In the call to haplo.score, the sim.control parameter is a list of parameters that control the simulations. This list is created by this function, score.sim.control, making it easy to change the default values.

Usage

score.sim.control(p.threshold=0.25, min.sim=1000, max.sim=20000.,verbose=FALSE)

Value

A list of the control parameters:

p.threshold

As described above

min.sim

As described above.

max.sim

As described above

verbose

As described above

Arguments

p.threshold

A paremeter used to determine p-value precision from Besag and Clifford (1991). For a p-value calculated after min.sim simulations, continue doing simulations until the p-value's sample standard error is less than p.threshold * p-value. The dafault value for p.threshold = 1/4 corresponds approximately to having a two-sided 95% confidence interval for the p-value with a width as wide as the p-value itself. Therefore, simulations are more precise for smaller p-values. Additionally, since simulations are stopped as soon as this criteria is met, p-values may be biased high.

min.sim

The minimum number of simulations to run. To run exactly min.sim simulations, set max.sim = min.sim. Also, if run-time is an issue, a lower minimum (e.g. 500) may be useful, especially when doing simulations in haplo.score.slide.

max.sim

The upper limit of simulations allowed. When the number of simulations reaches max.sim, p-values are approximated based on simulation results at that time.

verbose

Logical, if (T)rue, print updates from every simulation to the screen. If (F)alse, do not print these details.

Details

In simulations for haplo.score, employ the simulation p-value precision criteria of Besag and Clifford (1991).

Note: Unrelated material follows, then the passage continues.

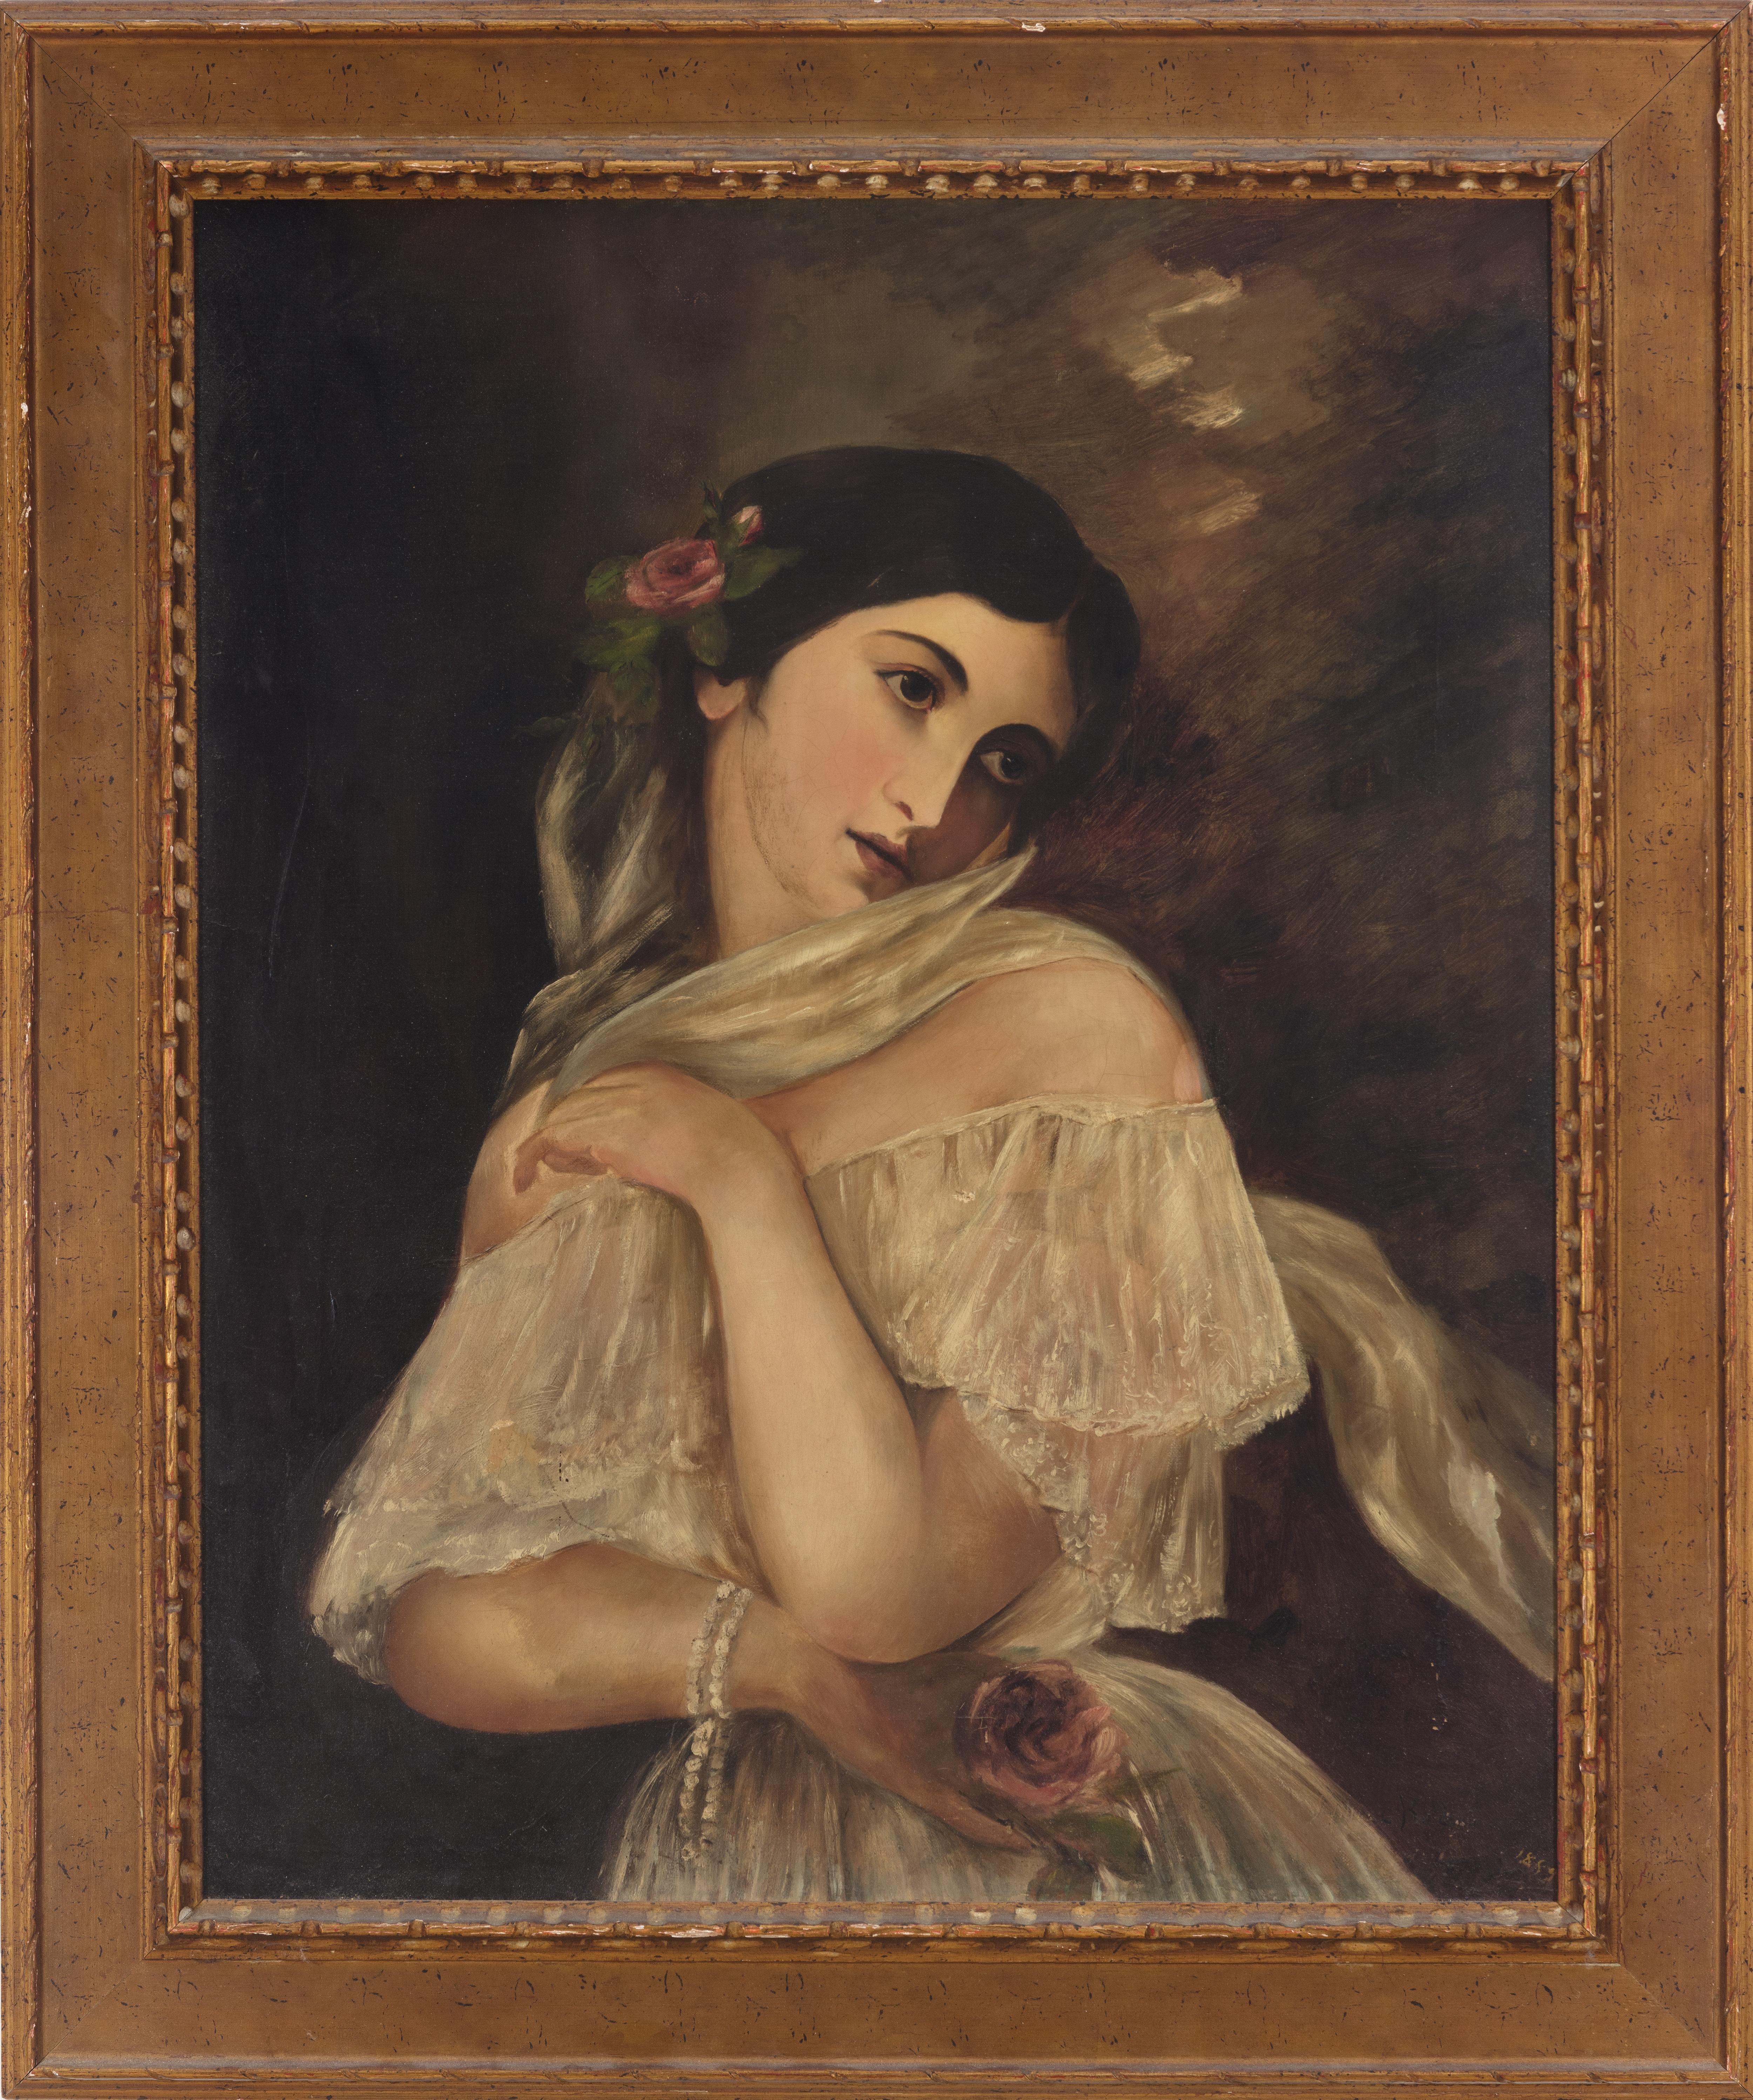 Female Oil Portrait Delicate Austria Romantic 1800s Vintage Woman Realism Signed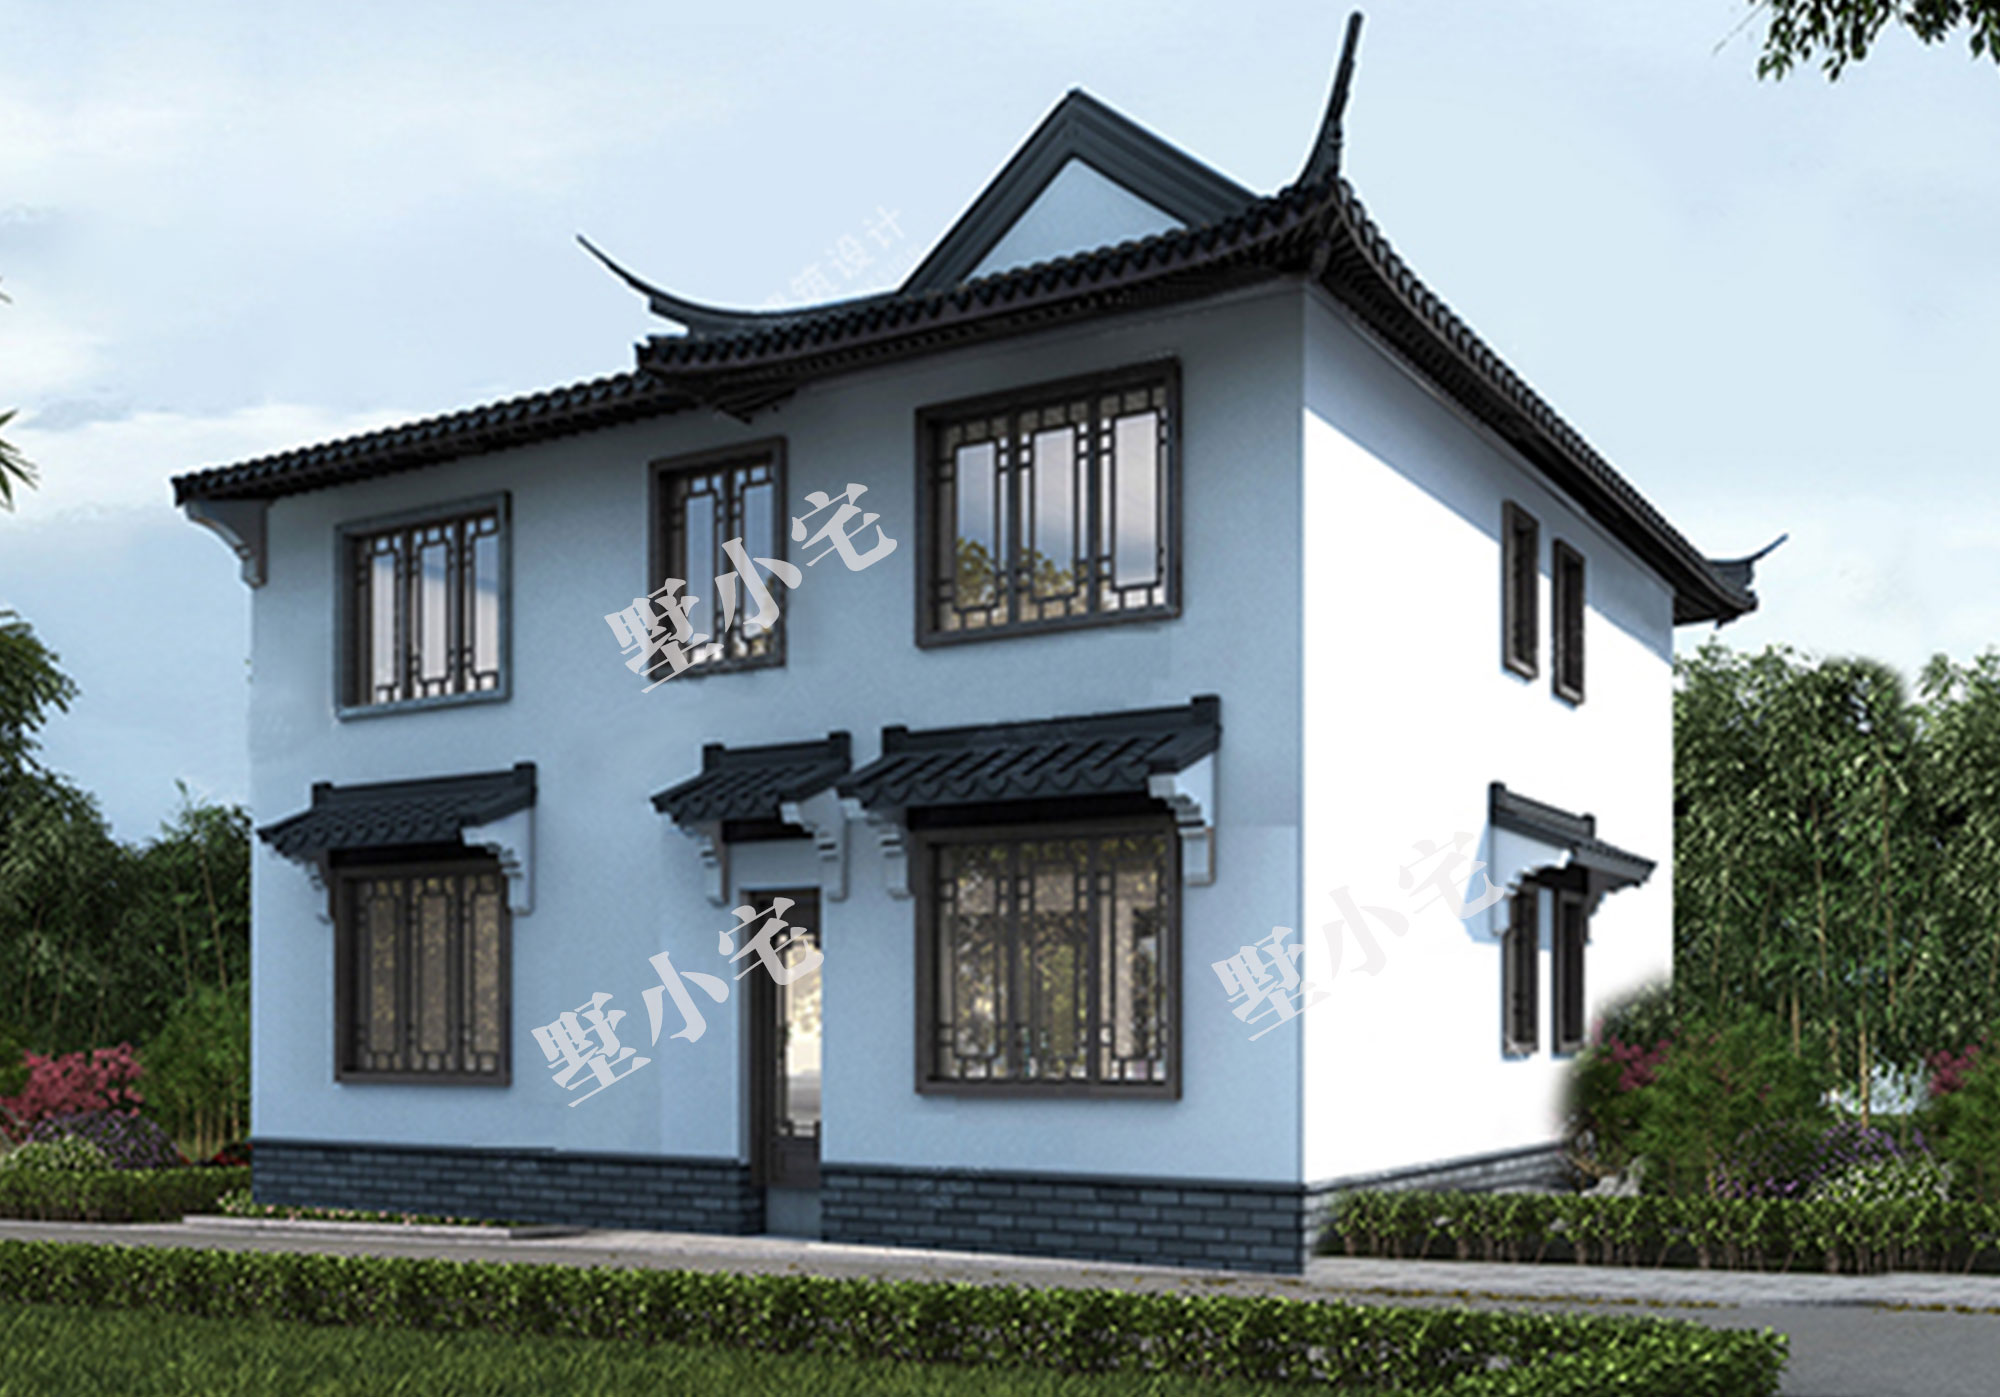 B817二层乡村别墅设计，传统中式房屋大气美观

The criteria ensures both the global and the maximum score statistic simulated p-values be precise for small p-values. First, perform min.sim simulations to guarantee sufficient precision for the score statistics on individual haplotypes. Then continue simulations as needed until simulated p-values for both the global and max score statistics meet precision requirements set by p.threshold.

References

Besag, J and Clifford, P. "Sequential Monte Carlo p-values." Biometrika. 78, no. 2 (1991): 301-304.

See Also

haplo.score

Examples

Run this code
# it would be used in haplo.score as appears below
#
# score.sim.500 <- haplo.score(y, geno, trait.type="gaussian", simulate=T, 
#                sim.control=score.sim.control(min.sim=500, max.sim=2000)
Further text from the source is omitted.